BRIEF: Only those lines in the data below from the line containing "OtterBox Defender Pro" through the line containing "Not drunk is", both included, should be restated word for word.

DATA LISTING:
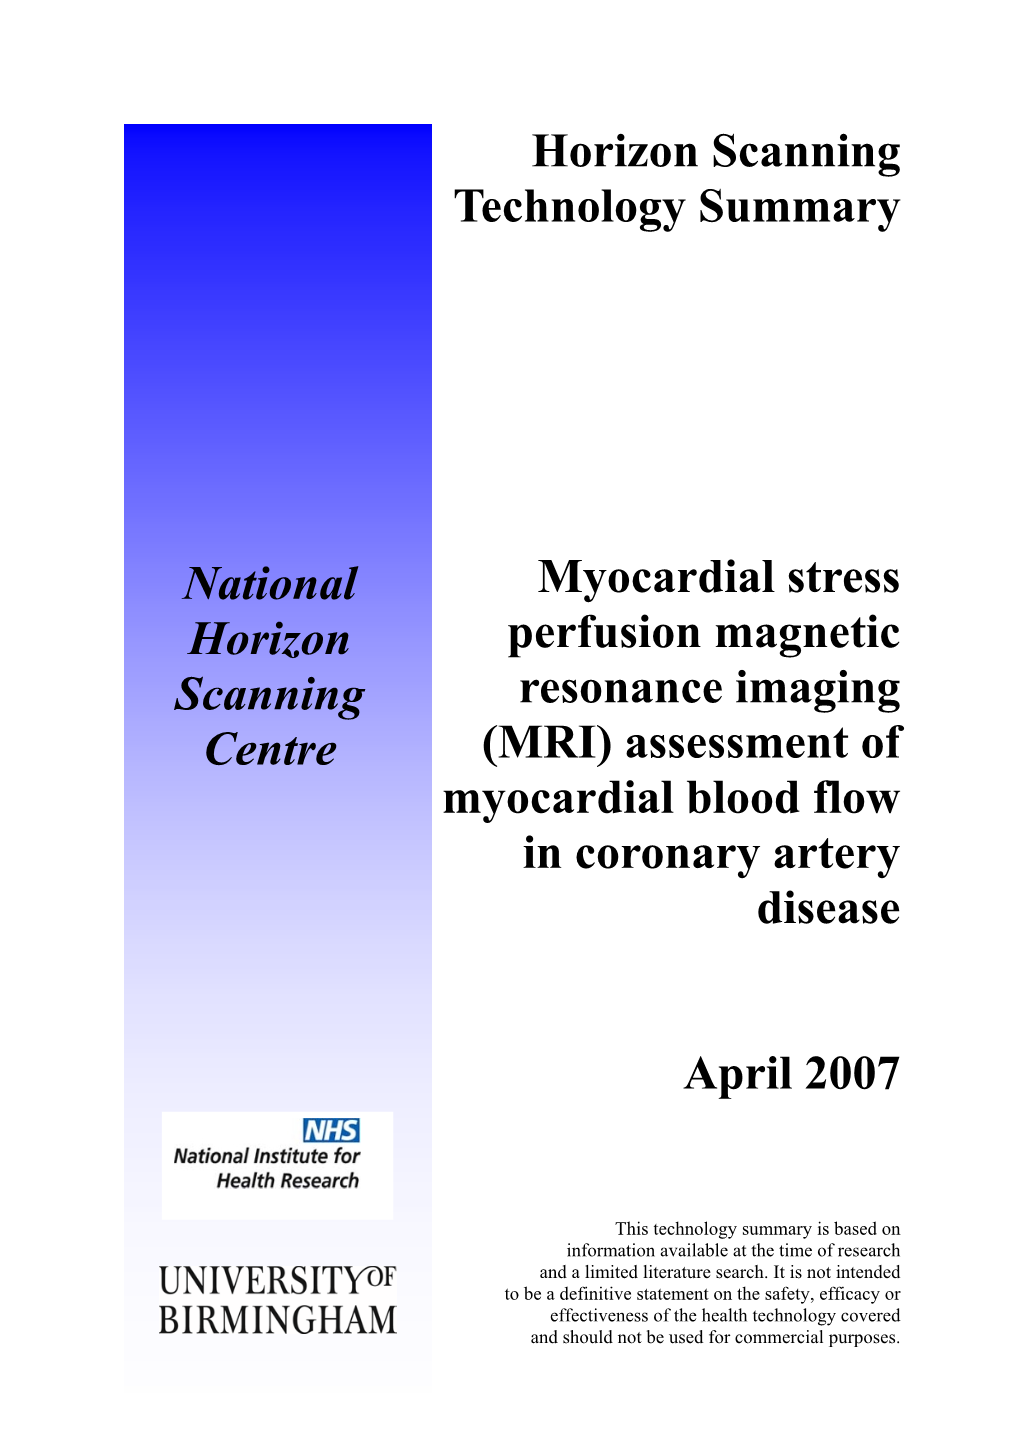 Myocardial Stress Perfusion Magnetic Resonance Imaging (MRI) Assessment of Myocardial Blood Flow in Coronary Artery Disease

==

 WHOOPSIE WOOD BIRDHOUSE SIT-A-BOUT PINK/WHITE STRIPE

...

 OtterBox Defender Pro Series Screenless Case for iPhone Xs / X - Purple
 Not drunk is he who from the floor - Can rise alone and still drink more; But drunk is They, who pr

TASK ANSWER:
 OtterBox Defender Pro Series Screenless Case for iPhone Xs / X - Purple
 Not drunk is he who from the floor - Can rise alone and still drink more; But drunk is They, who pr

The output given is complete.